[The Constitutional History of England From 1760 to 1860 by Charles Duke Yonge]@TWC D-Link bookThe Constitutional History of England From 1760 to 1860 CHAPTER III 45/49
Wedderburn unhesitatingly replied that it was not; that "if a mob were committing a felony, as by burning dwelling-houses, and could not be prevented by other means, the military, according to the law of England, might and ought to be immediately ordered to fire upon them, the reading of the Riot Act being wholly unnecessary under such circumstances."[71] The King insisted on this opinion being instantly acted on; a proclamation was issued, and orders were sent from the Adjutant-general's office that the soldiers were to act at once without waiting for directions from the civil magistrates.
A few hours now sufficed to restore tranquillity.

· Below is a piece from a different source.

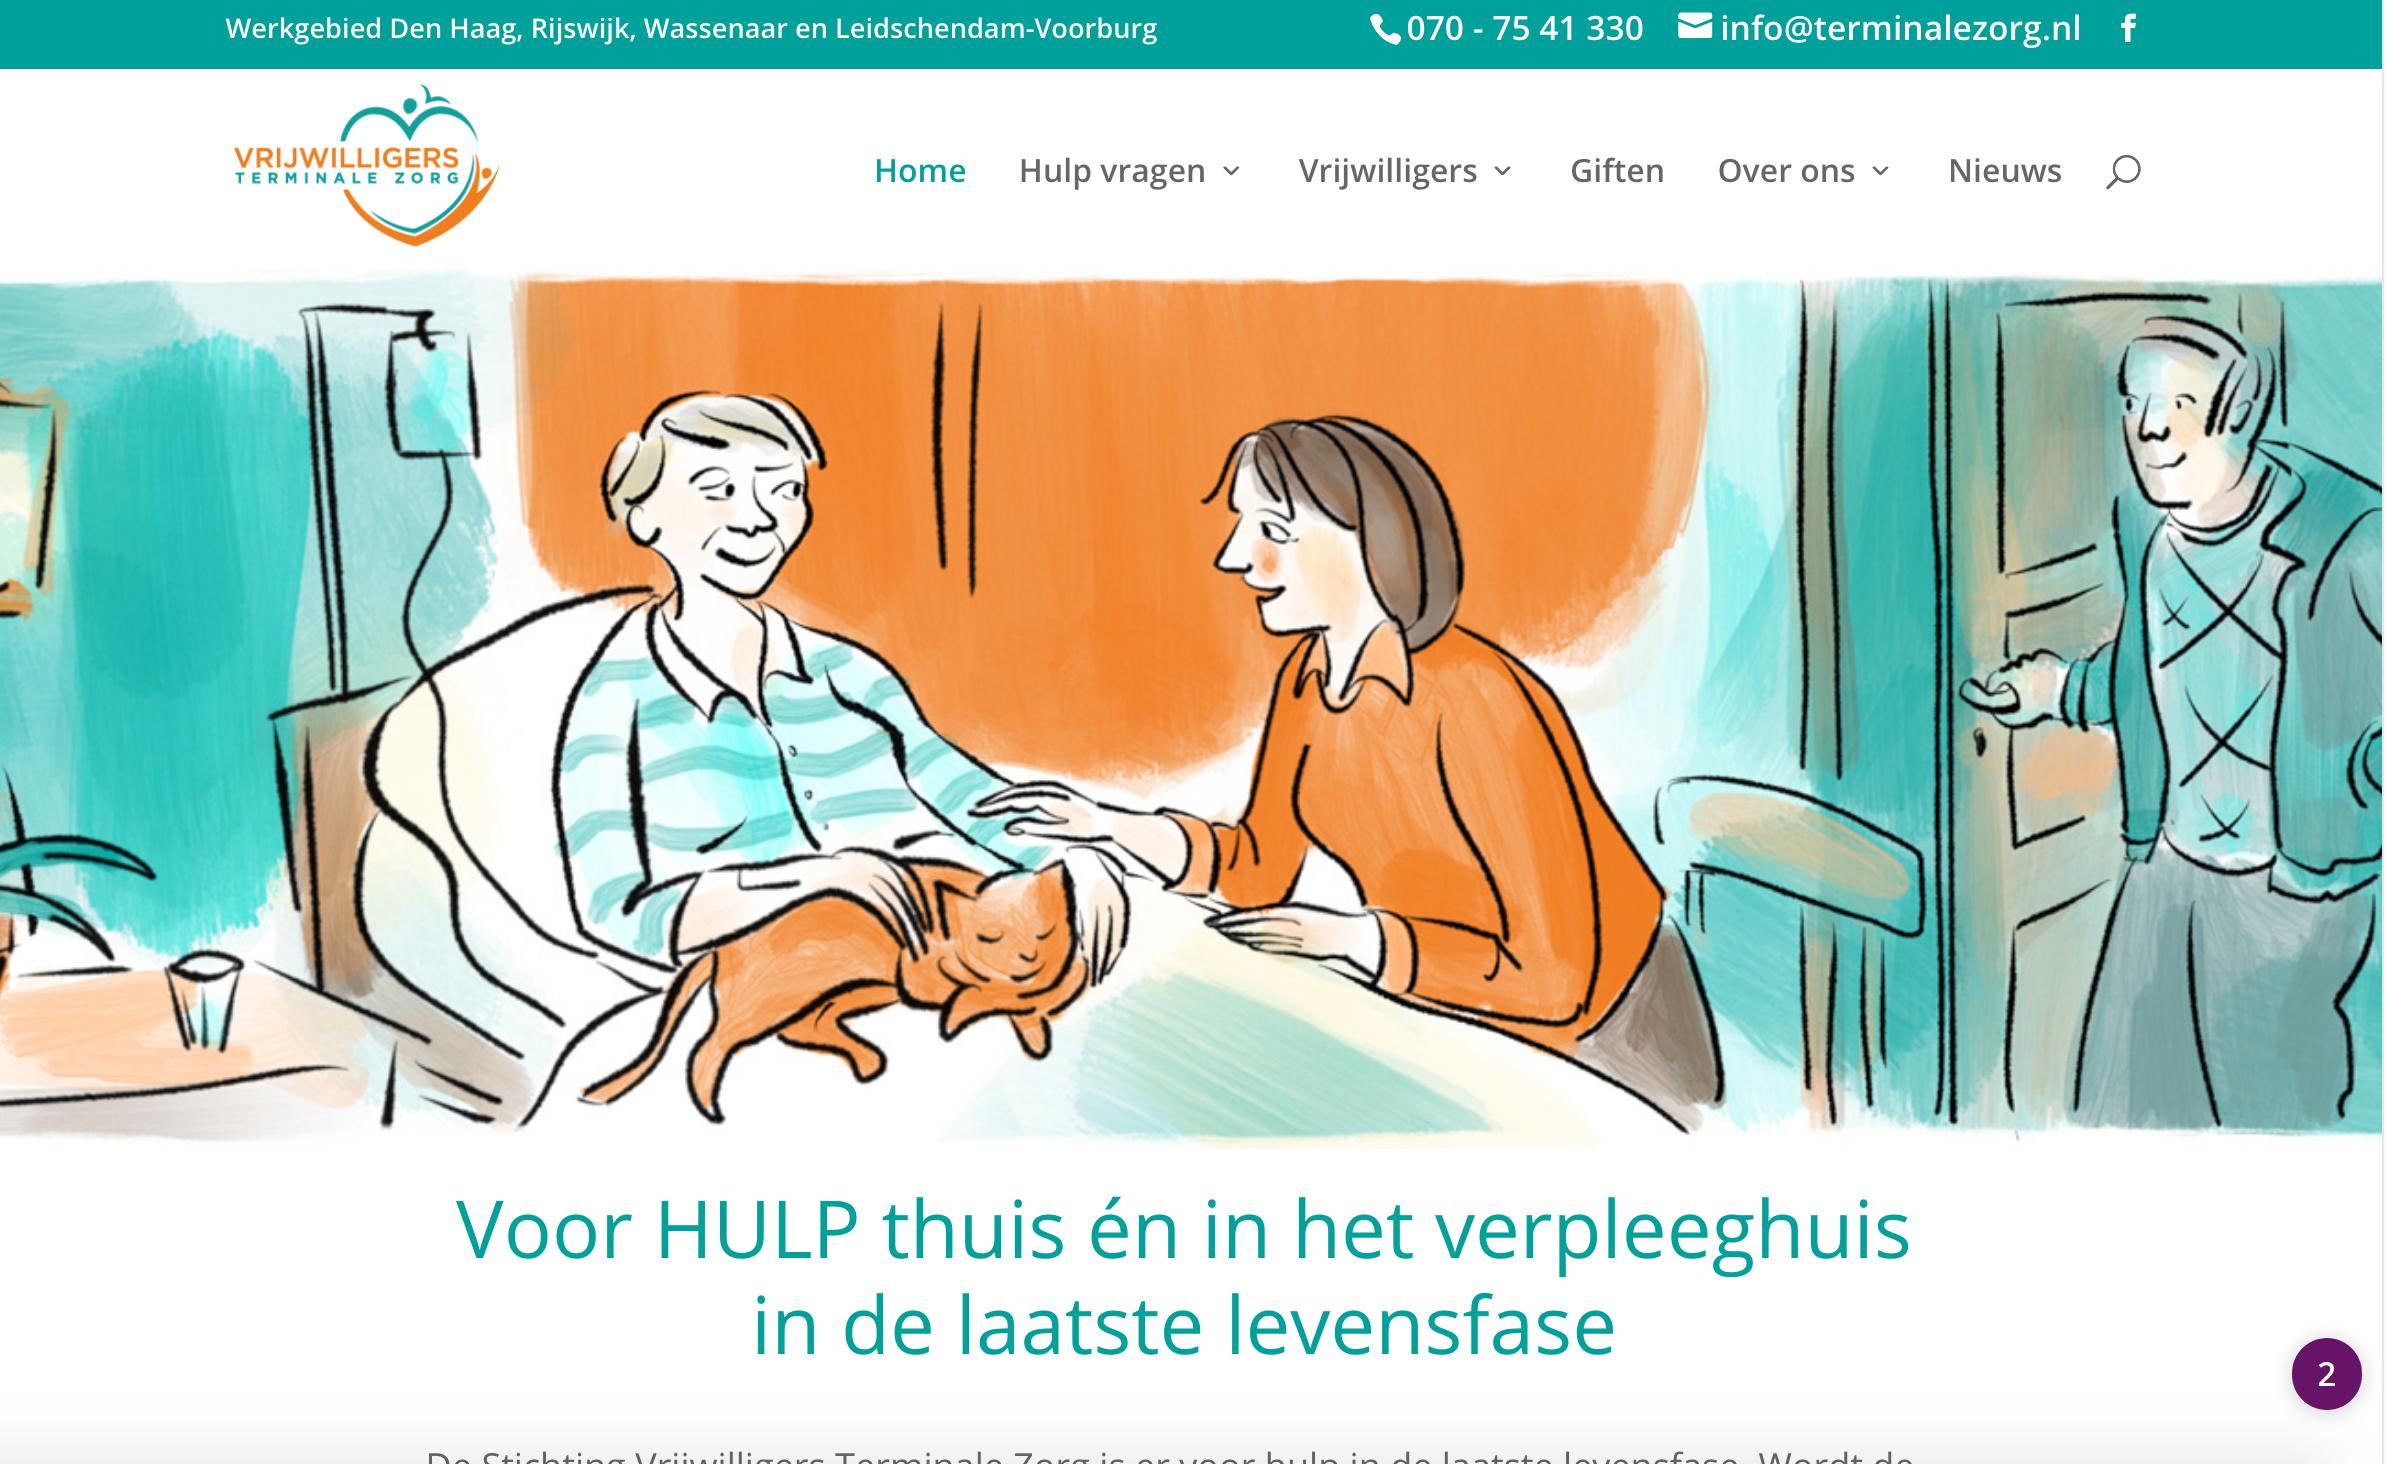 Illustratie website van vrijwilligers terminale zorg

The Chief-justice, in his place in the House of Lords, subsequently declared Wedderburn's opinion, and the orders given in reliance upon it, to be in strict conformity with the common law, laying down, as the principle on which such an interpretation of the law rested, the doctrine that in such a case the military were acting, "not as soldiers, but as citizens; no matter whether their coats were red or brown, they were legally employed in preserving the laws and the constitution;"[72] and Wedderburn, who before the end of the year became Chief-justice of the Common Pleas, repeated the doctrine more elaborately in a charge from the Bench.
It was a lesson of value to the whole community.
It was quite true that the constitution placed the army in a state of dependence on the civil power.